DATA EXTRACT -
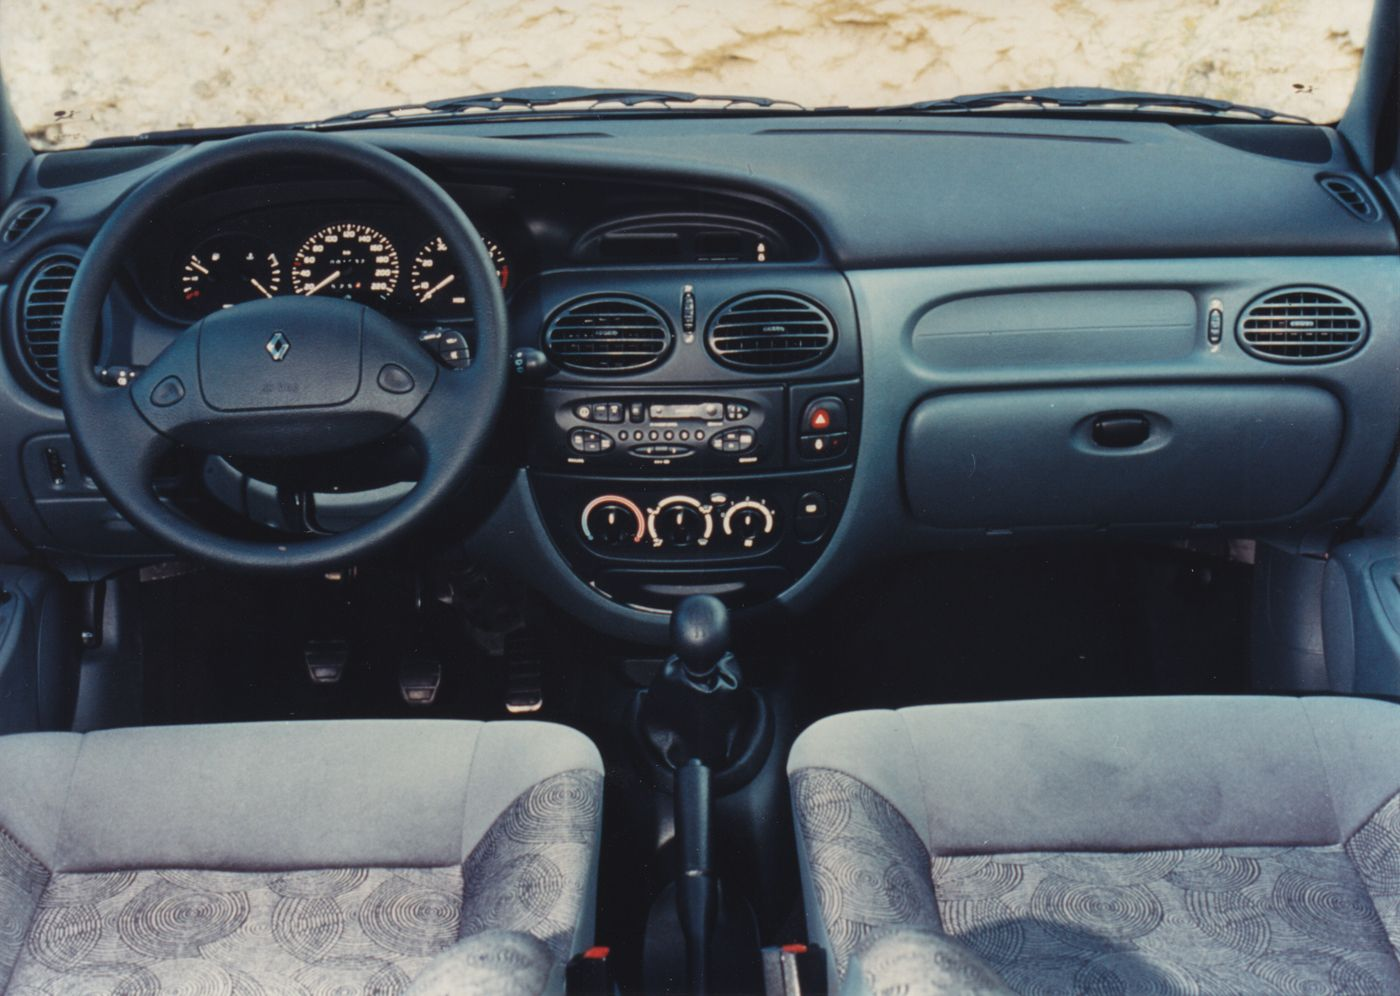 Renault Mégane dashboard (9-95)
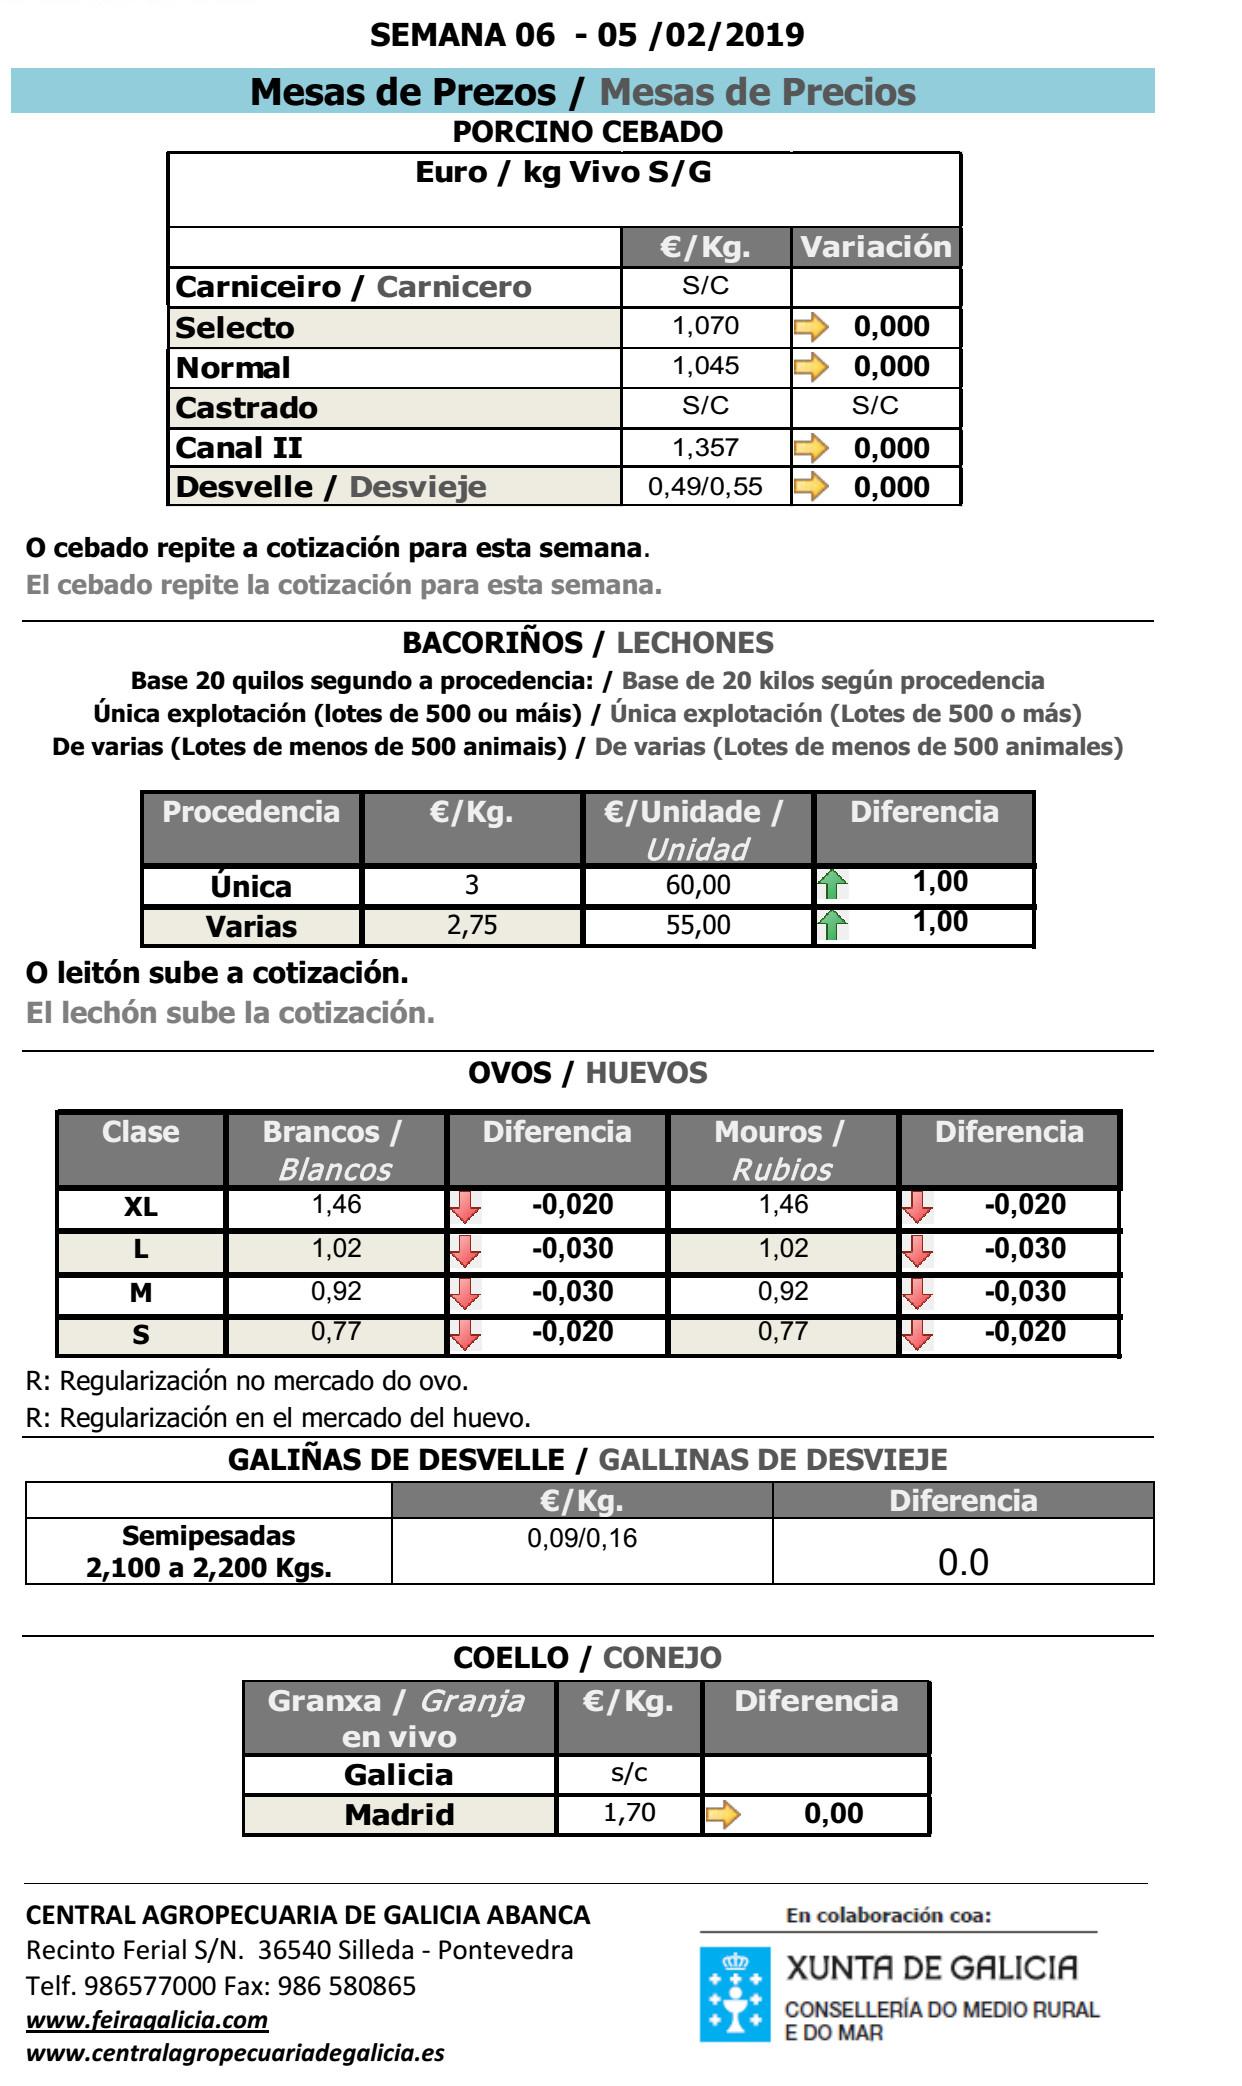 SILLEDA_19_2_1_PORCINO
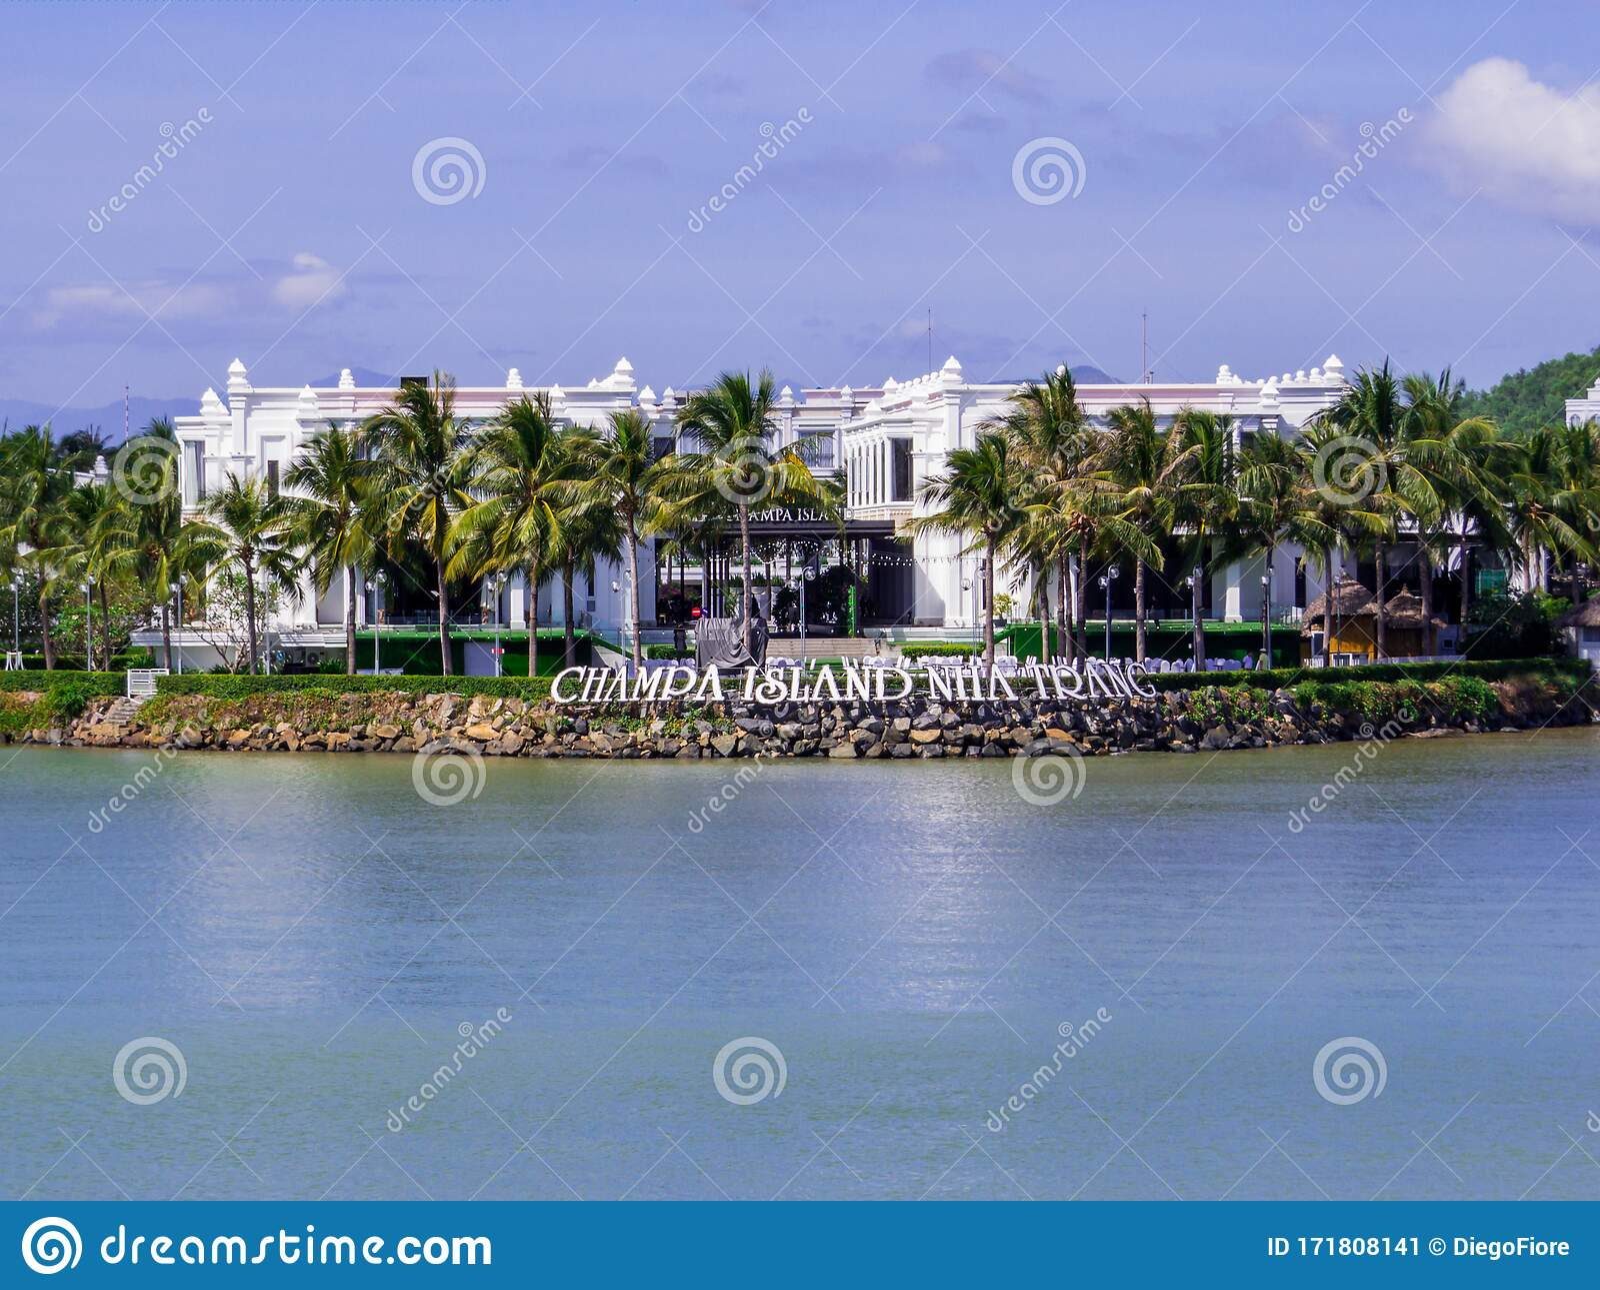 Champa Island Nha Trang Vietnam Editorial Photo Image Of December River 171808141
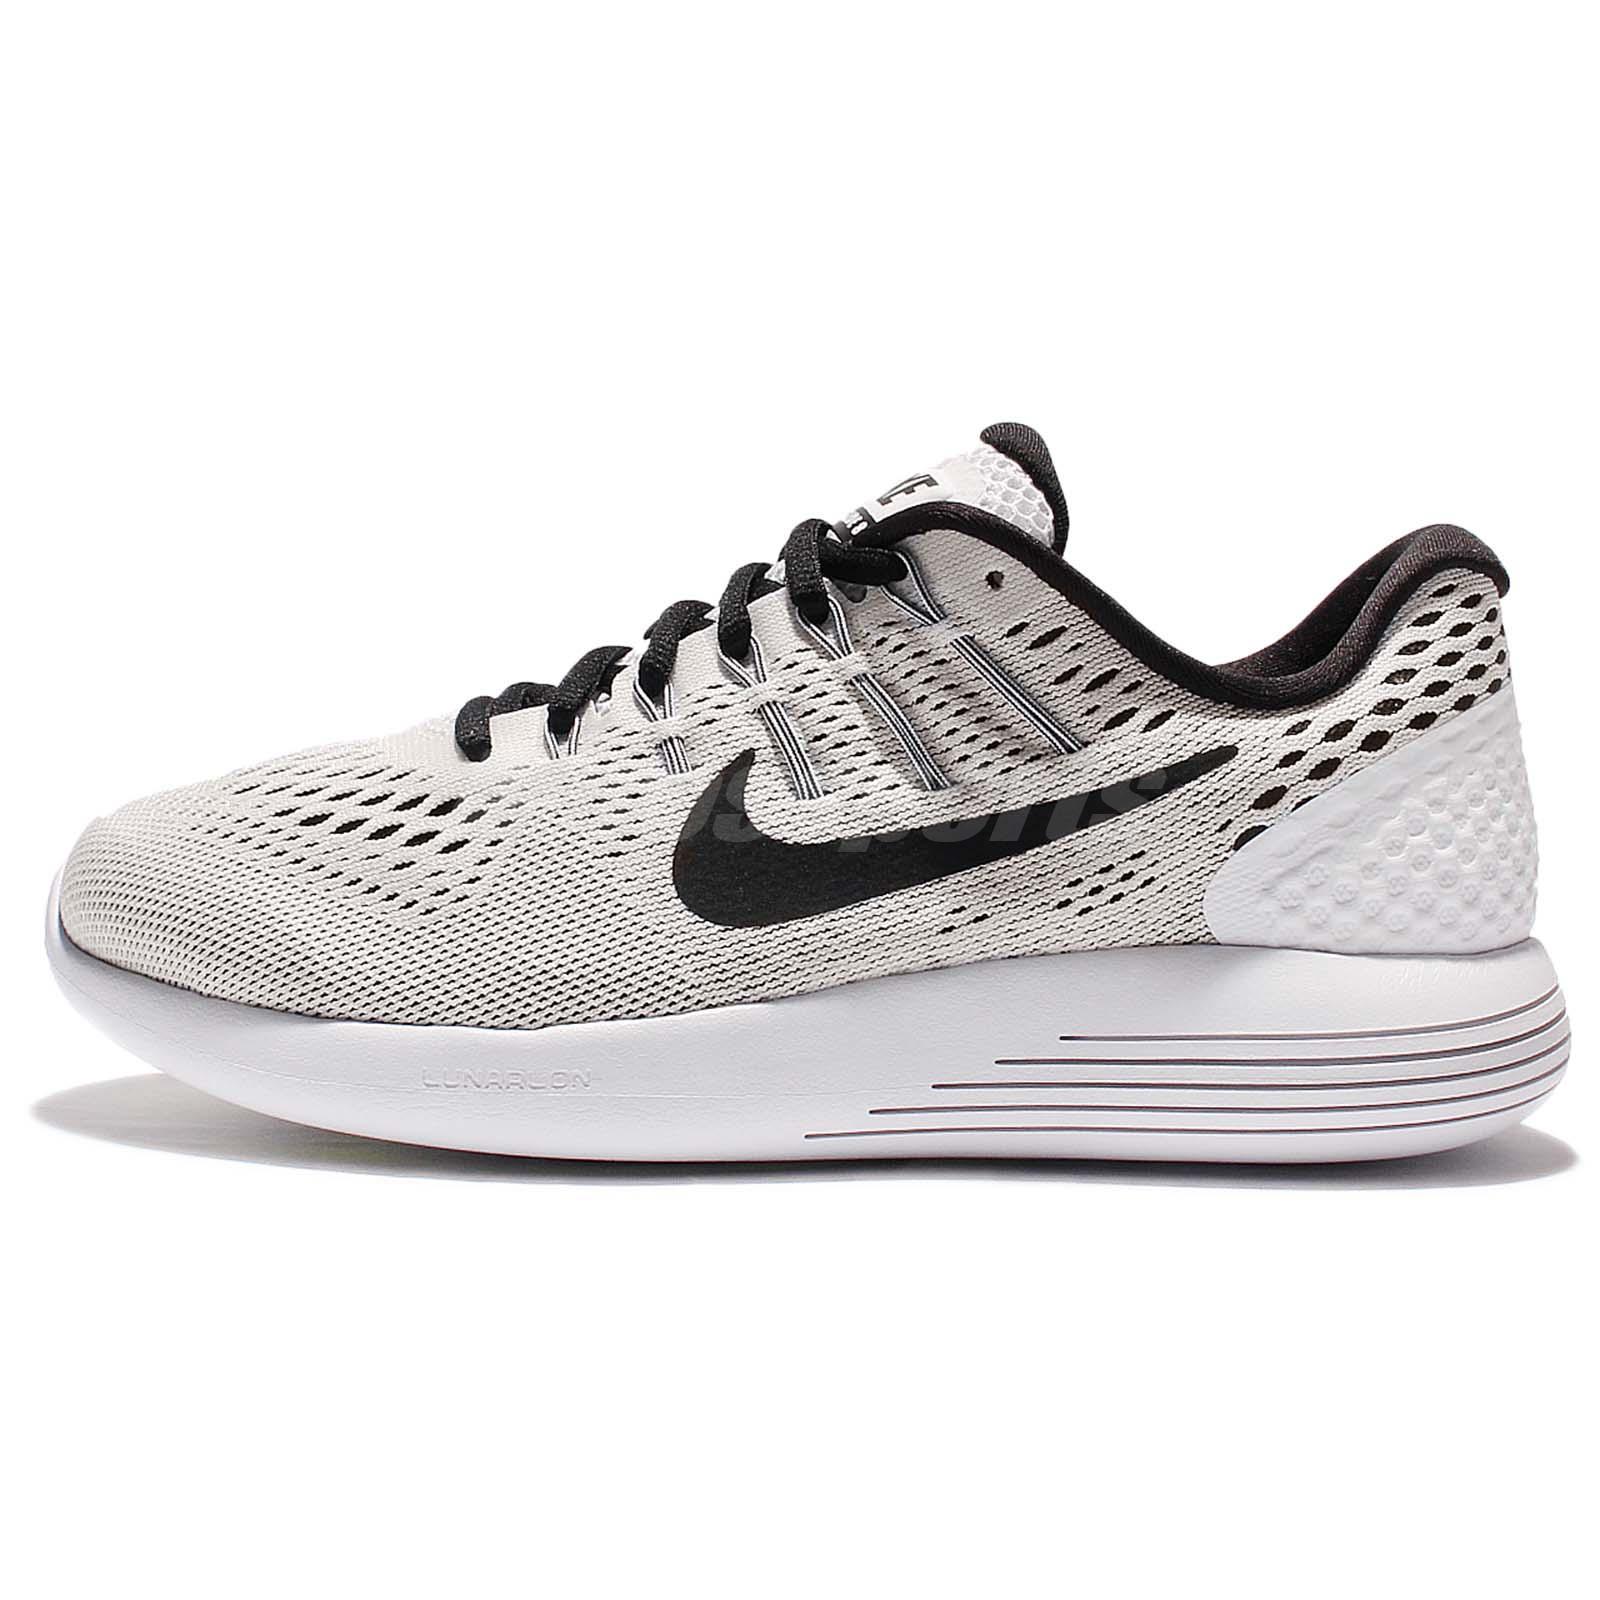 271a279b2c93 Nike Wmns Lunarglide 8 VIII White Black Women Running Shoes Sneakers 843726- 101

EXERCISE DESCRIPTION - The material above is to be transcribed exactly, with its images omitted.

EXPECTED ANSWER -
 Renault Mégane dashboard (9-95)
 SILLEDA_19_2_1_PORCINO
 Champa Island Nha Trang Vietnam Editorial Photo Image Of December River 171808141
 271a279b2c93 Nike Wmns Lunarglide 8 VIII White Black Women Running Shoes Sneakers 843726- 101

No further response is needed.